[[ SUPPLIED INFORMATION open ]]

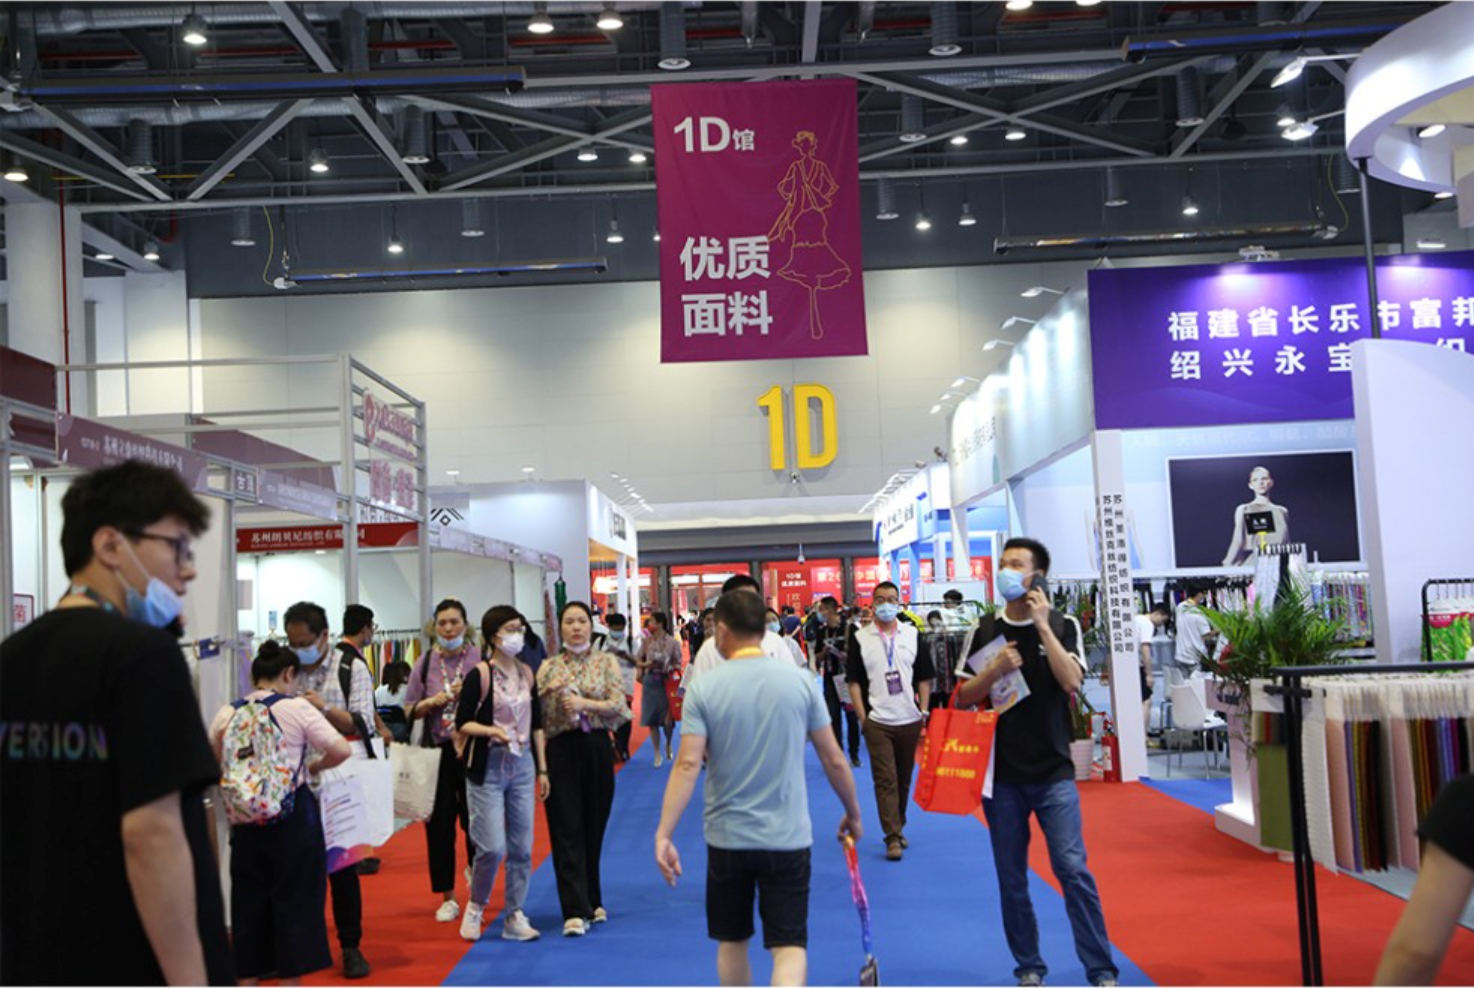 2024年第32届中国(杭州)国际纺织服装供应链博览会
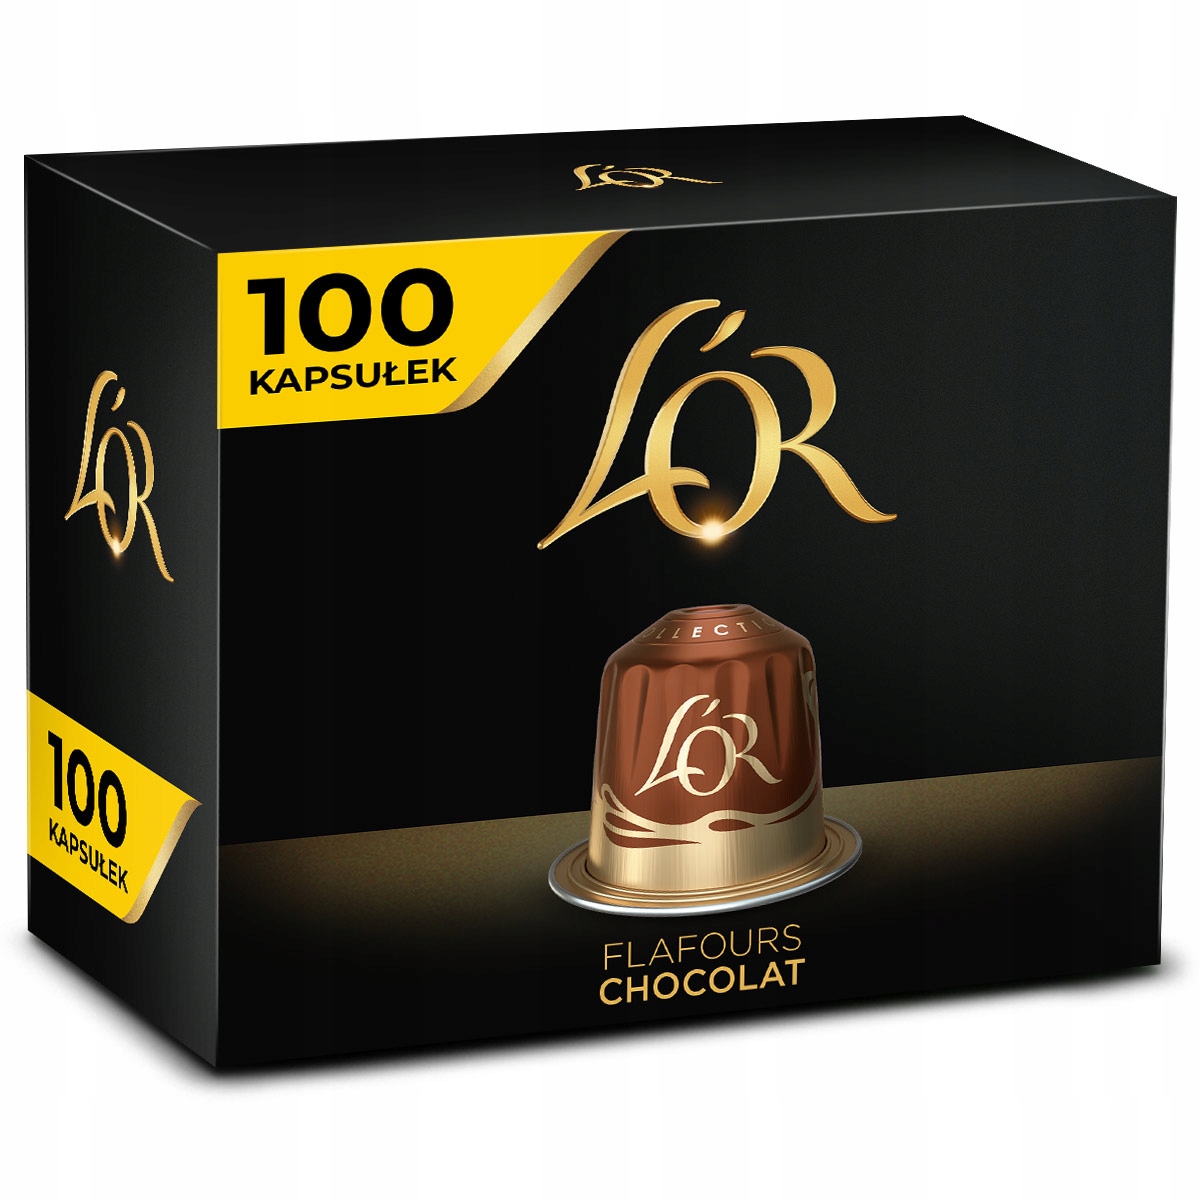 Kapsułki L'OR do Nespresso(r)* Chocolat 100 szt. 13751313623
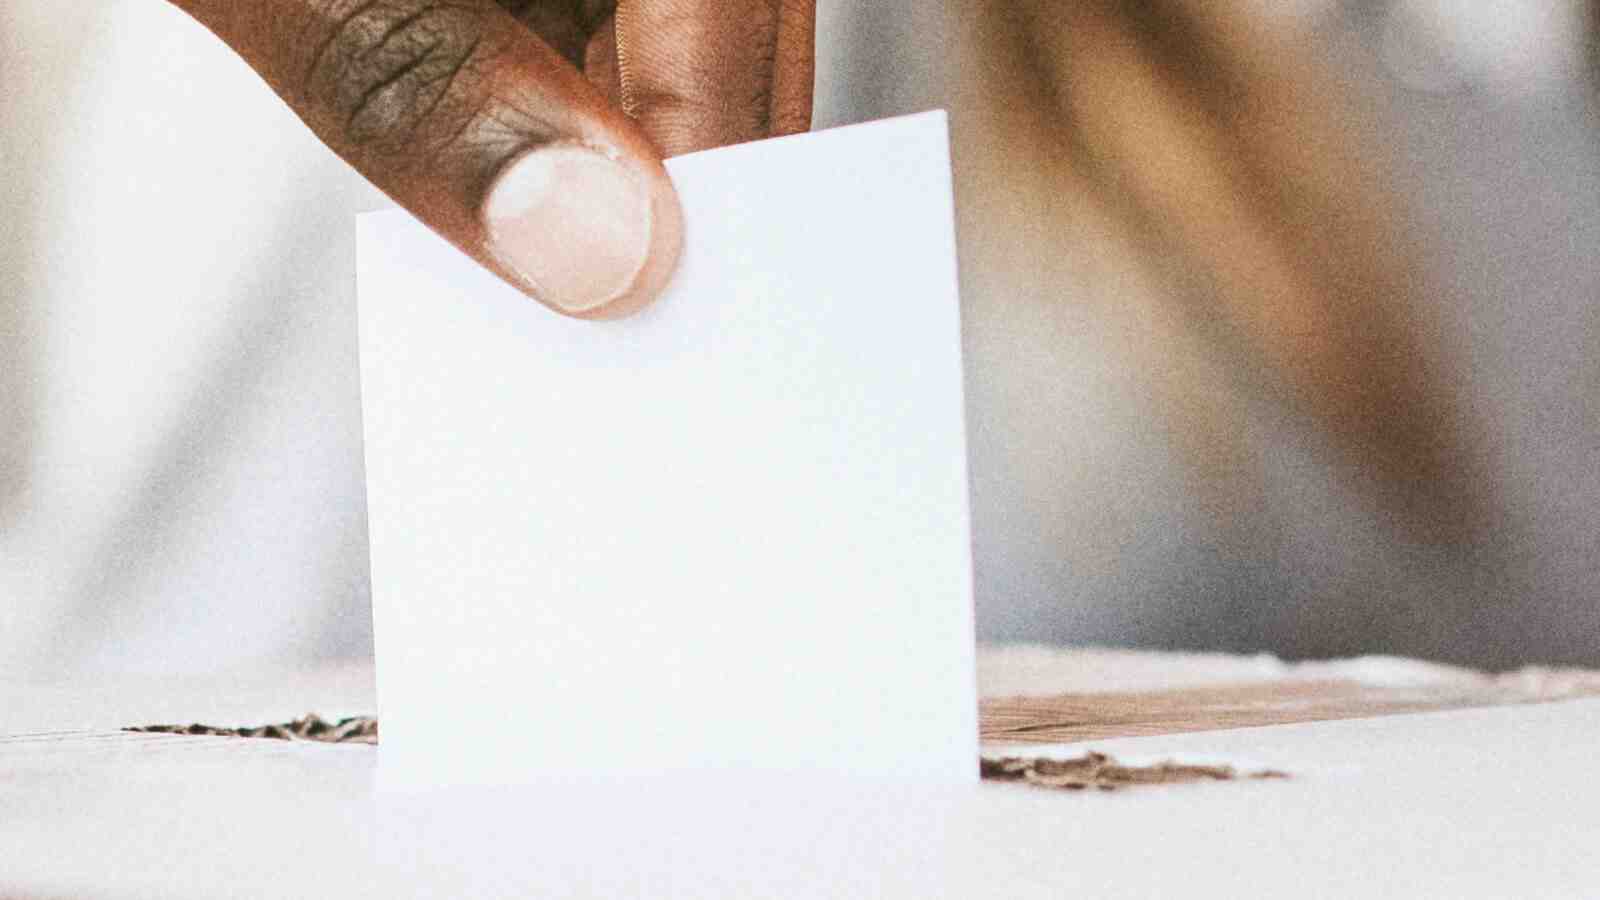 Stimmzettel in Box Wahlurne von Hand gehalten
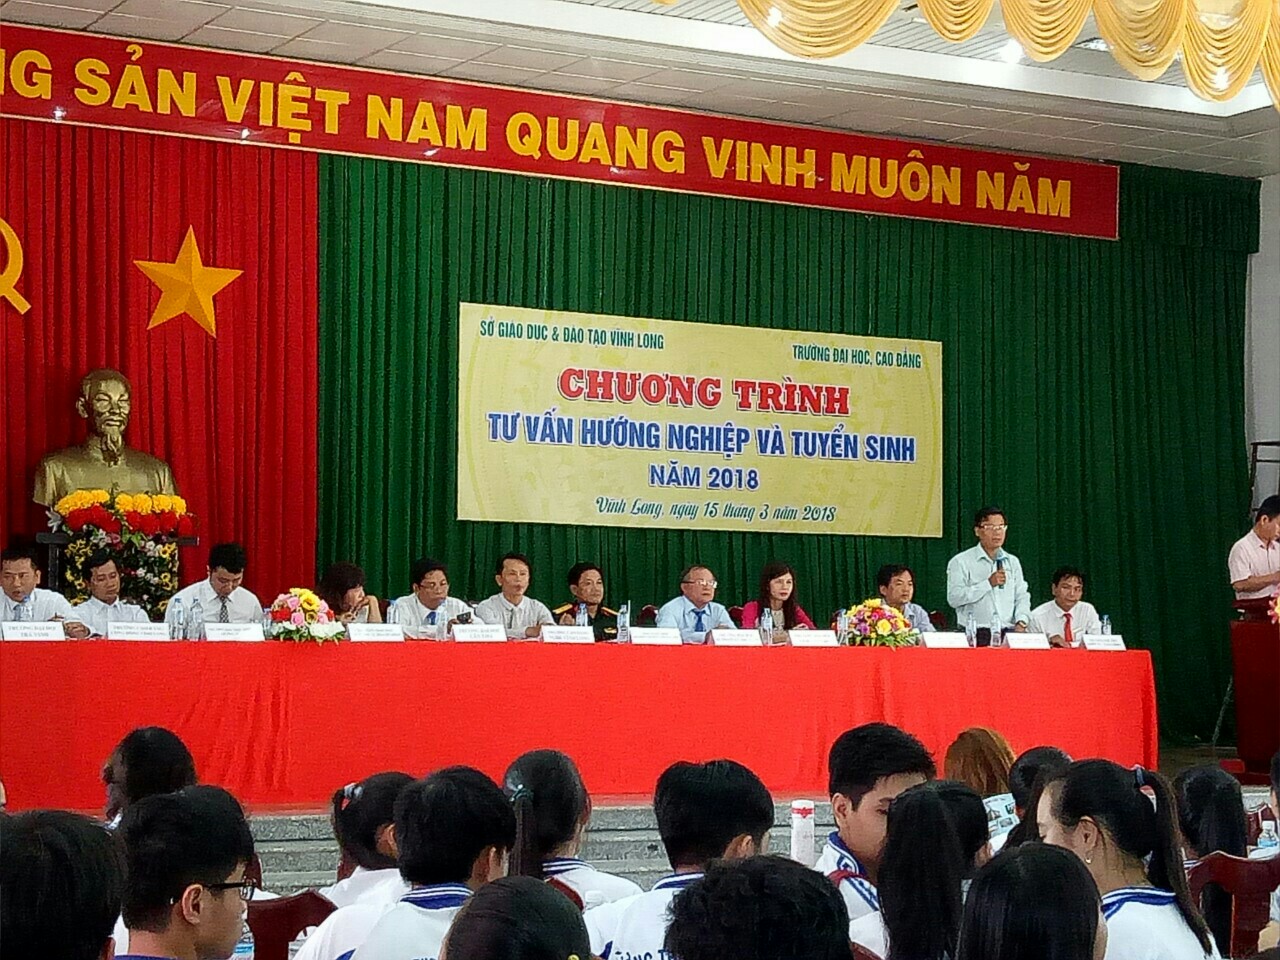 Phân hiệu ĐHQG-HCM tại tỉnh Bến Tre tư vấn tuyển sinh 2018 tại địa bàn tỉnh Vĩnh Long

[[ SUPPLIED INFORMATION closed ]]

Please reproduce the listing exactly, leaving out any pictures.

**EXERCISE OUTPUT:**
 2024年第32届中国(杭州)国际纺织服装供应链博览会
 Kapsułki L'OR do Nespresso(r)* Chocolat 100 szt. 13751313623
 Stimmzettel in Box Wahlurne von Hand gehalten
 Phân hiệu ĐHQG-HCM tại tỉnh Bến Tre tư vấn tuyển sinh 2018 tại địa bàn tỉnh Vĩnh Long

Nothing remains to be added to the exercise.